SOLVED !!! Thanks for the input above to all who answered, especially _az. OK I did in fact create cname records for nutthause.com, and I have successfully renewed my certificates. What was confusing to me is the warnings I was getting creating the CNAME records at DNS hoster Zone Edit. But for anyone needing the correct CNAME format to use while using acme-dns-certbot actual dns challenge script acme-dns-auth.py, here https://github.com/joohoi/acme-dns-certbot-joohoi.
Example:
aliases CNAME records, for example ZoneEdit has this layout:
HOSTADDRESS: Value: TTL
_acme-challenge.nutthause.com 4a306f34-3e24-4a71-9b79-c19691fce8e0.auth.acme-dns.io. 300 sec

Hope this helps someone else.

I have the follow up question, What will be the effect if I want to just use a wild card subdomain *.nutthause.com. Yes I agree with griffin above it would be easier to just use a wild card rather than all of the subdomains I have now. What happens to the certificates that I have created for my subdomains, do I have to do something with them before I can renew next time if I just want *.nutthause.com and .nutthause.com.
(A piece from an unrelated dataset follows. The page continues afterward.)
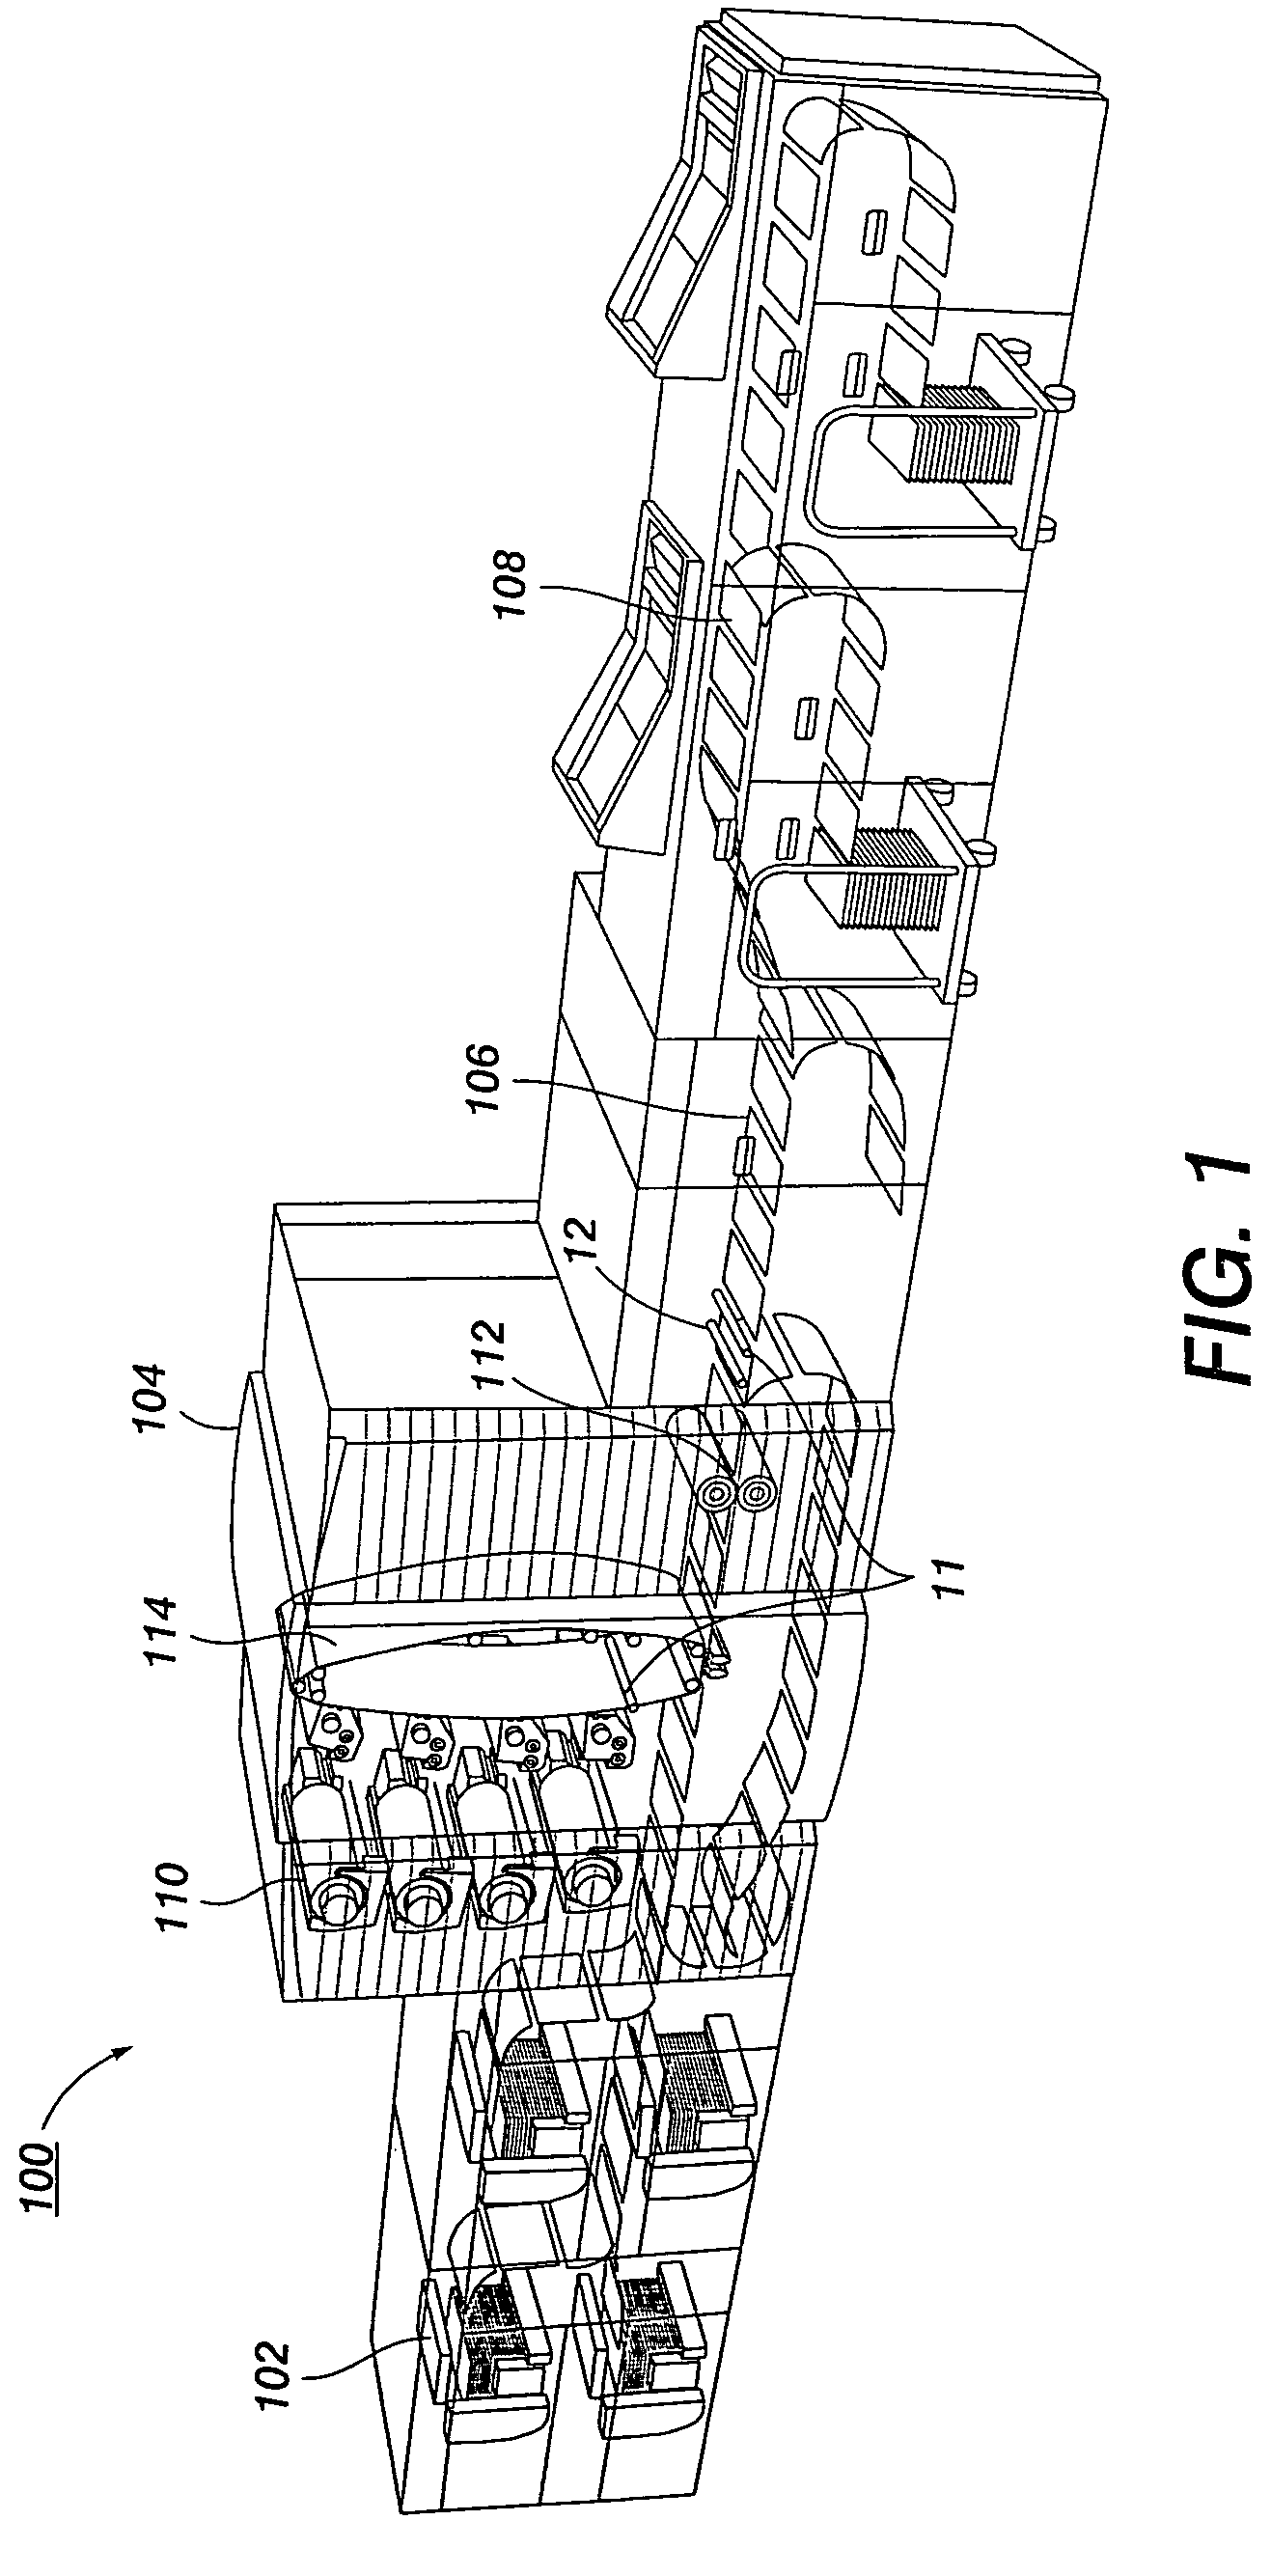 Method for spatial color calibration using hybrid sensing systems

Thanks for the replies they help me!

Just noticed certificate only renewed for helios.nutthause.com but not for the root nutthause.com or any of the other sub-domains. Why didn’t the root domain and the other sub domains renew?
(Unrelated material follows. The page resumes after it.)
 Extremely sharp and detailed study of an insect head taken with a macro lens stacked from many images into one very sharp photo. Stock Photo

sudo /usr/bin/certbot --duplicate certonly --manual --manual-auth-hook /etc/letsencrypt/acme-dns-auth.py --preferred-challenges dns --debug-challenges -d helios.nutthause.com -d media.nutthause.com -d media2.nutthause.com -d silo-omv.nutthause.com -d silo2-omv.nutthause.com -d www.nutthause.com -d nutthause.com
Saving debug log to /var/log/letsencrypt/letsencrypt.log
Plugins selected: Authenticator manual, Installer None
Obtaining a new certificate

IMPORTANT NOTES:

• Congratulations! Your certificate and chain have been saved at:
  /etc/letsencrypt/live/helios.nutthause.com/fullchain.pem
  Your key file has been saved at:
  /etc/letsencrypt/live/helios.nutthause.com/privkey.pem
  Your cert will expire on 2020-12-03. To obtain a new or tweaked
  version of this certificate in the future, simply run certbot
  again. To non-interactively renew all of your certificates, run
  “certbot renew”

• If you like Certbot, please consider supporting our work by:

  Donating to ISRG / Let’s Encrypt: https://letsencrypt.org/donate
  Donating to EFF: https://eff.org/donate-le

You did get a certificate issued today:

https://crt.sh/?id=3334776065

        commonName                = helios.nutthause.com

        X509v3 Subject Alternative Name: 
            DNS:helios.nutthause.com
            DNS:media.nutthause.com
            DNS:media2.nutthause.com
            DNS:nutthause.com
            DNS:silo-omv.nutthause.com
            DNS:silo2-omv.nutthause.com
            DNS:www.nutthause.com

There are several possible causes for your troubles:

1. You need to restart nginx after installing new certificates.
2. When you use certonly, there is no installation process used for your new certificate.
3. --duplicate tells Certbot to create a separate, unrelated certificate with the same domains as an existing certificate. This certificate is saved completely separately from the prior one. Most users will not need to issue this command in normal circumstances.
4. None of your domains are responding on ports 443 or 80. Probably because of #1 (meaning that nginx is currently shutdown and not restarted).

Just create a new certificate for nutthause.com and *.nutthause.com between now and then and you're golden. Keep in mind that the dns record you'll need to create for *.nutthause.com is _acme-challenge.nutthause.com, not _acme-challenge.*.nutthause.com. I would recommend using --cert-name nutthause.com in your command to create a new certificate folder under nutthause.com to make your life simpler. After your wildcard certificate is working you can view your certificates with certbot certificates and cleanup your old certificate with certbot delete --cert-name helios.nutthause.com.

This topic was automatically closed 30 days after the last reply. New replies are no longer allowed.